Two subspecies are currently recognised:
- E.mackinlayi F.Muell. subsp. mackinlayi has leaves which are elliptic, egg-shaped or almost circular and which are scattered along the branches;
- E. mackinlayi subsp. spathulata Chinnock has leaves that are spoon-shaped, or egg-shaped with the narrow end towards the base, and which are clustered at the ends of the branches.

==Distribution and habitat==
Subspecies mackinlayi occurs in near-coastal areas between Shark Bay and Carnarvon in the Carnarvon and Murchison biogeographic regions. It grows in calcareous and sandy soils, often in mulga woodland.

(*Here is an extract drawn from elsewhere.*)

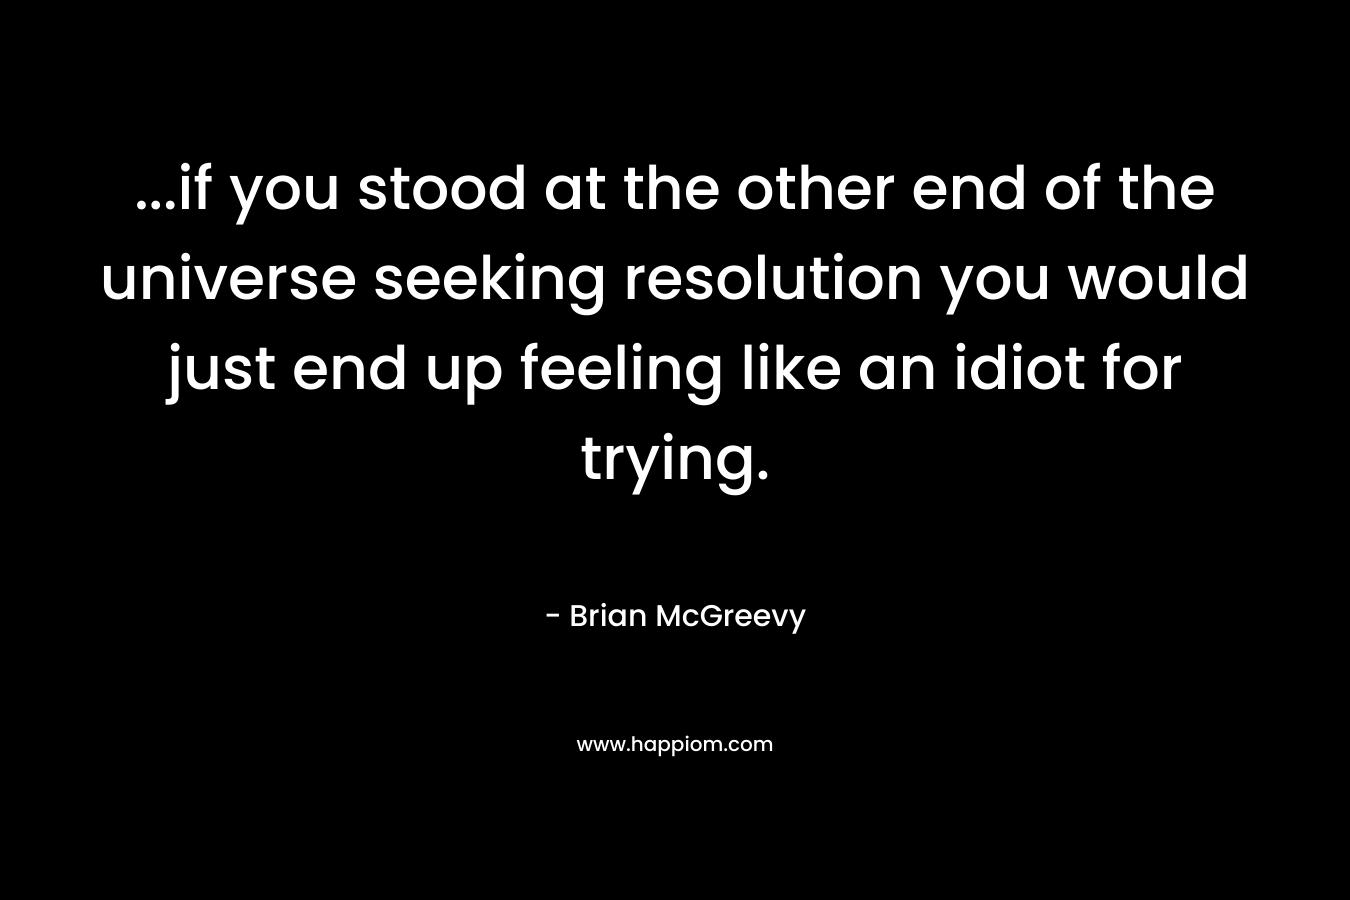 …if you stood at the other end of the universe seeking resolution you would just end up feeling like an idiot for trying. – Brian McGreevy

Subspecies spathulata occurs between Leonora, Wooleen and Mullewa in the Carnarvon, Murchison and Yalgoo biogeographic regions. It usually grows in red-brown loam near drainage channels in mulga woodland.

==Conservation status==
Both subspecies are classified as "not threatened" by the Western Australian Government Department of Parks and Wildlife.

==Use in horticulture==
The felt-like leaves of this eremophila as well as its massed display of blue flowers on the end of its branches are attractive features. It can be grown from cuttings but grafting is the preferred option if the plant is to be grown in southern Australia, to help reduce fungal infection causing dieback in winter. It grows best in well-drained soil when grown on its own roots, in full sun or partial shade and in an area with good air flow. It only needs occasional watering during long droughts and is moderately frost hardy.